Using modules

We have seen how to use several built-in functions in Python such as print and input. If we think that these functions have been written by somebody else and we don’t need to worry about their implementation, it is easy to imagine how functions simplify our programming making our code smaller, more readable and with less errors.

However, Python’s built-in functionality can be greatly extended through the use of modules. Python modules can be thought of as code libraries, they are files containing code that define functions, classes, and variables and provide additional functionalities. Many modules come pre-installed with Python, such as os, random and datetime, but other third-party modules can be installed using package managers like pip. In the next session we will explore how you can create modules yourself to organize and reuse your code.

To use a module in your Python script, you need to import it with import. For example:

import math
print(math.pi)
3.141592653589793

Note above that to call objects and functions that are defined in a module we will use the module name (math), followed by a dot (.), and then the object or function name(pi).

Below you will learn how to use a module to read data files in CSV format.

CSV module : reading CSV files

We have previously explored how to obtain user input via the terminal, but for data analysis you will mostly need extracting data from files. Python offers various libraries to facilitate this process, each tailored to specific file formats. We can use the csv module to read data from Comma-Separated Values (CSV) files.

The csv module is a library designed specifically for working with CSV files. It provides functionality to both read from and write to CSV files efficiently. The script below shows it’s basic syntax:

read_csv.py
import csv

with open('../assets/sample.csv', 'r') as file:
    # create a csv.reader object
    csv_reader = csv.reader(file)
    for row in csv_reader:
        print(row[2])
-0.4220535
1.472827
0.5725429
-0.2157133
1.449306
0.1880375
-1.570342
0.8315003

In this example we used the function open() to open a file in read mode (this is a Python built-in function), and created a csv.reader object to iterate through the rows of the file. Note that there is also a new statement with, what we will not cover in this session.

What is your current working directory?

When you read or write files without specifying a full path, the operating system assumes you’re referring to files in the working directory. It is therefore very important knowing that we are in the same directory that the data file we want to read.
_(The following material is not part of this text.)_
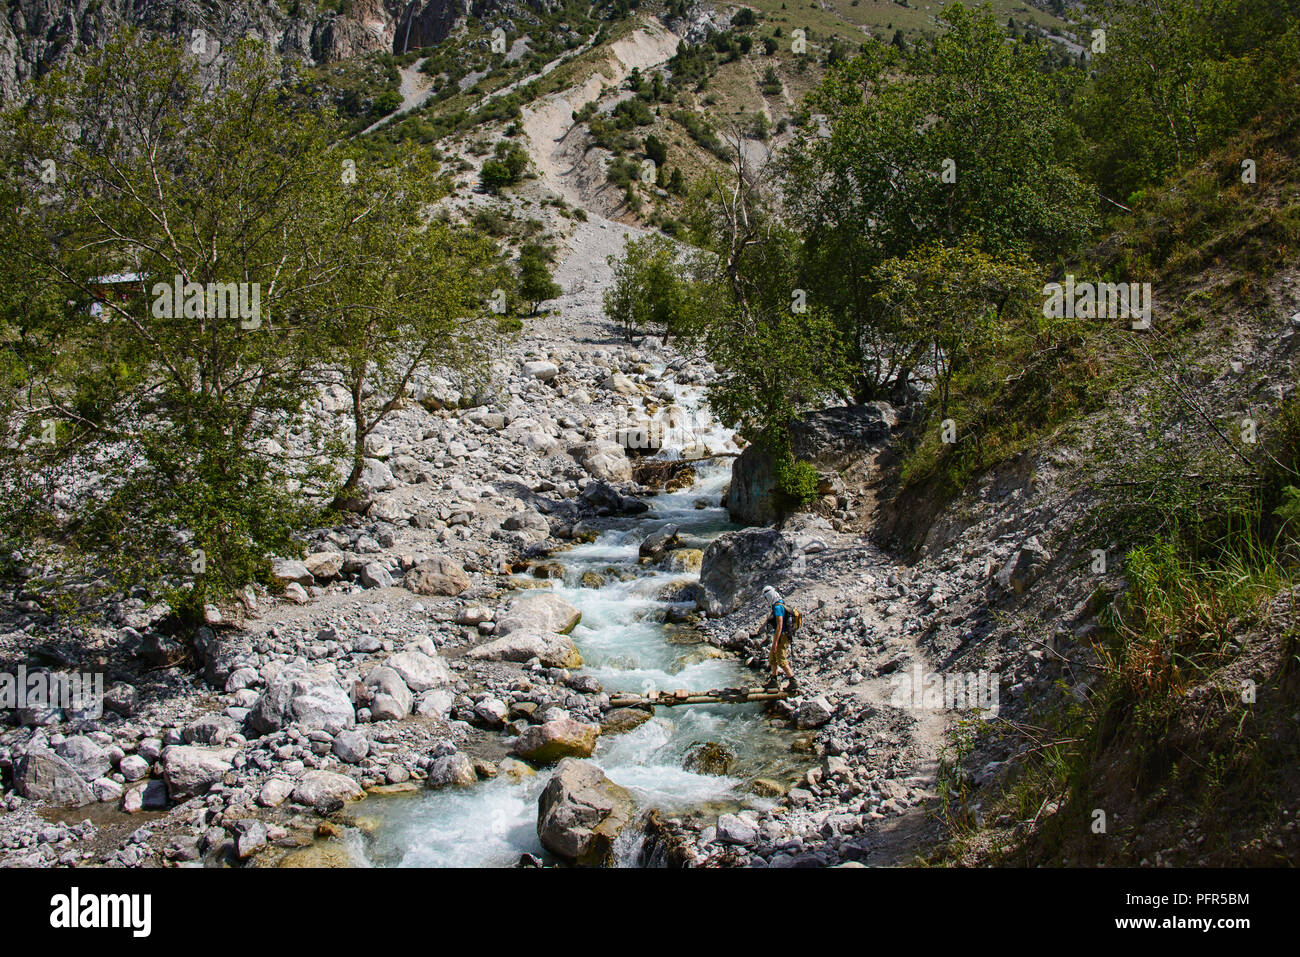 River crossing while trekking from the walnut village of Arslanbob, Kyrgyzstan Stock Photo
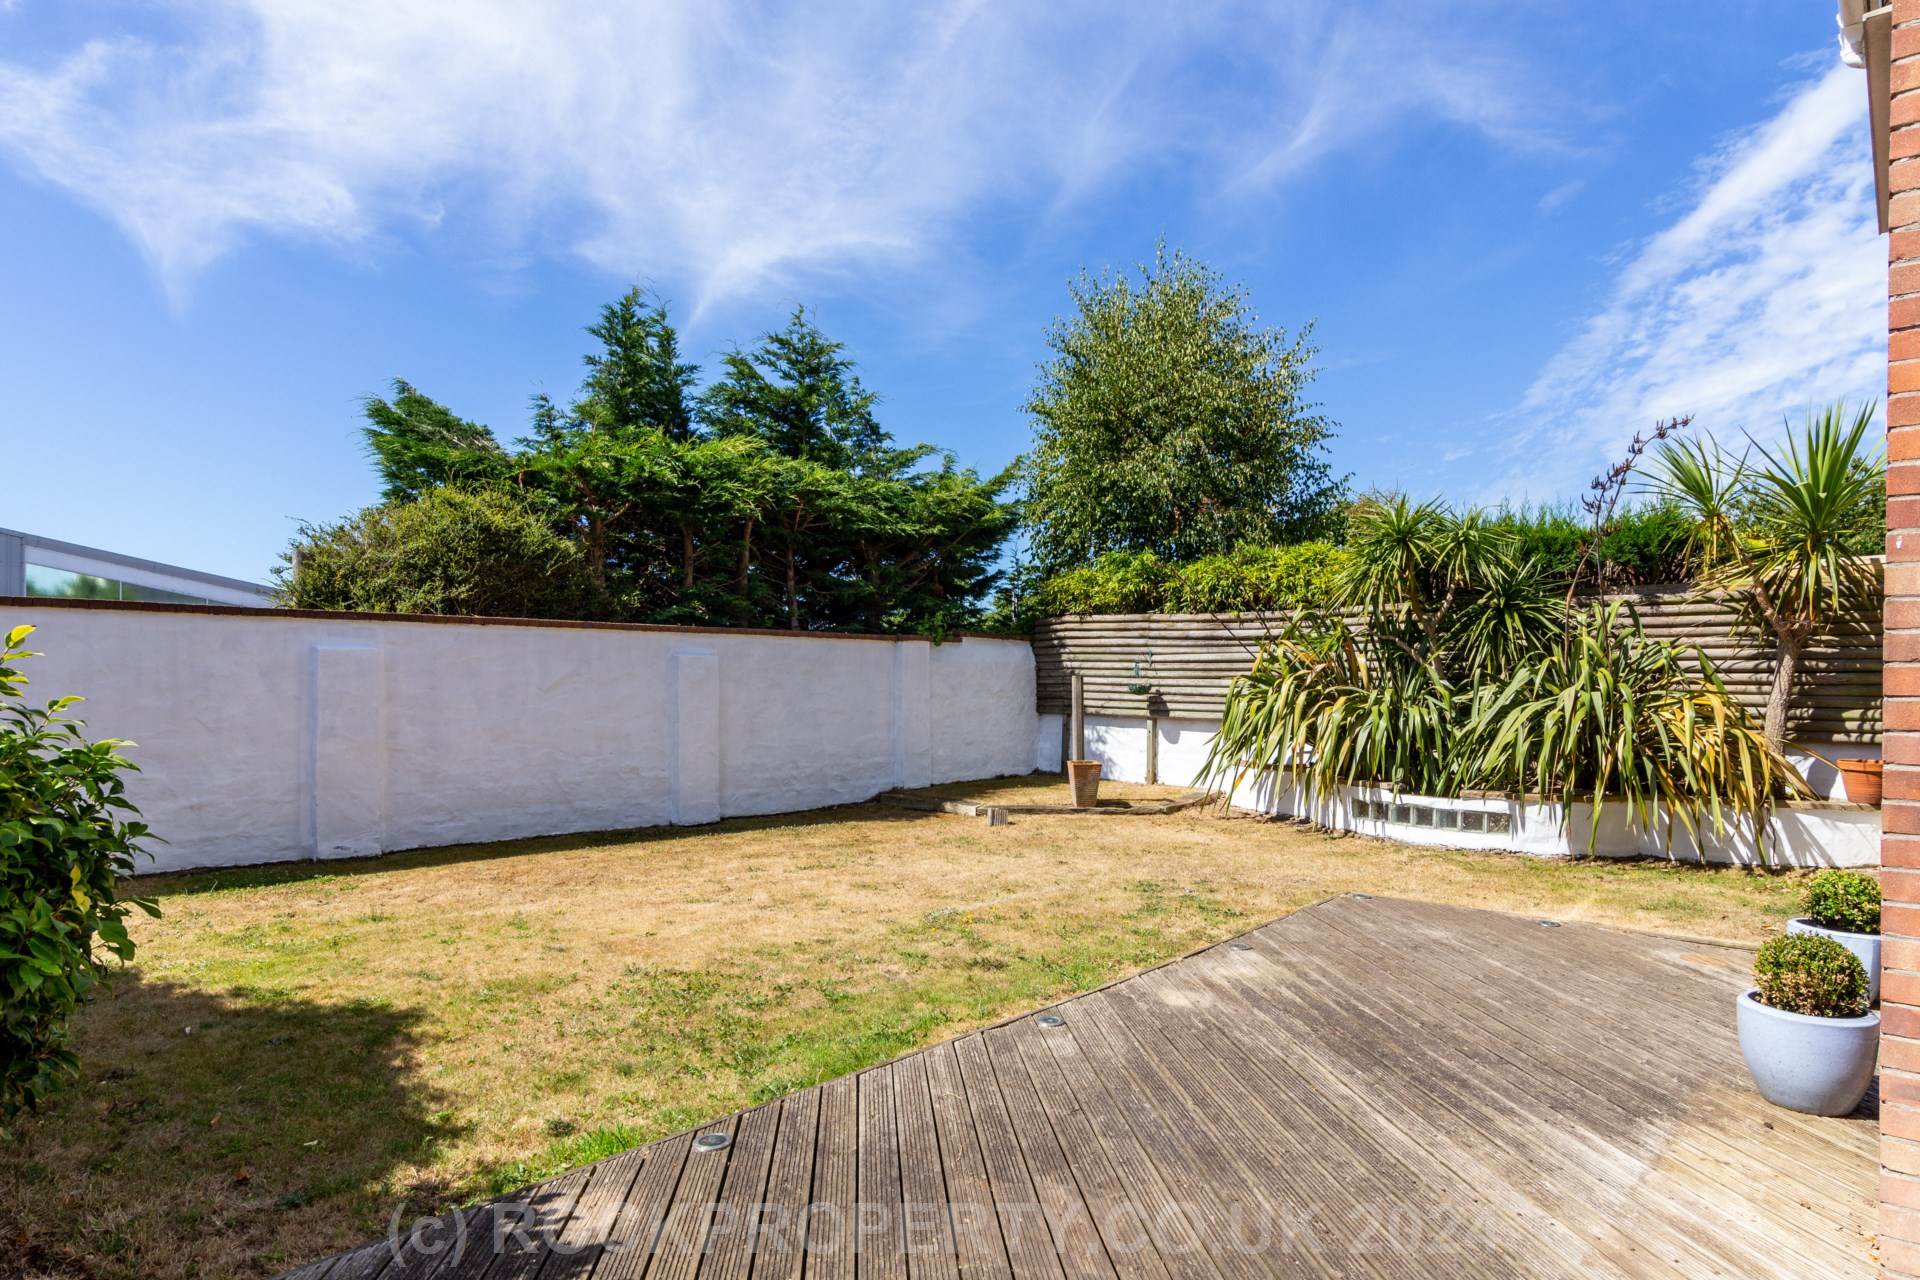 SUBSTANTIAL 3/4 BED FAMILY HOUSE, Outskirts of St Helier, Image 2

We can use the module os to do so:

import os

current_directory = os.getcwd()
print("CWD:", current_directory)
CWD: /Users/USER/Training/Beginning Python/beginning-python/pages
Exercise

Using the CSV file sample.csv, modify read_csv.py to print only the average of the numbers in the first column.

read_csv.py
import csv

sum = 0.0
count = 0

with open('../assets/sample.csv', 'r') as file:
    # create a csv.reader object
    csv_reader = csv.reader(file)
    for row in csv_reader:
        sum = sum + float(row[0])
        count = count + 1        

print("Average:", sum/count)
Average: 0.04678386125000002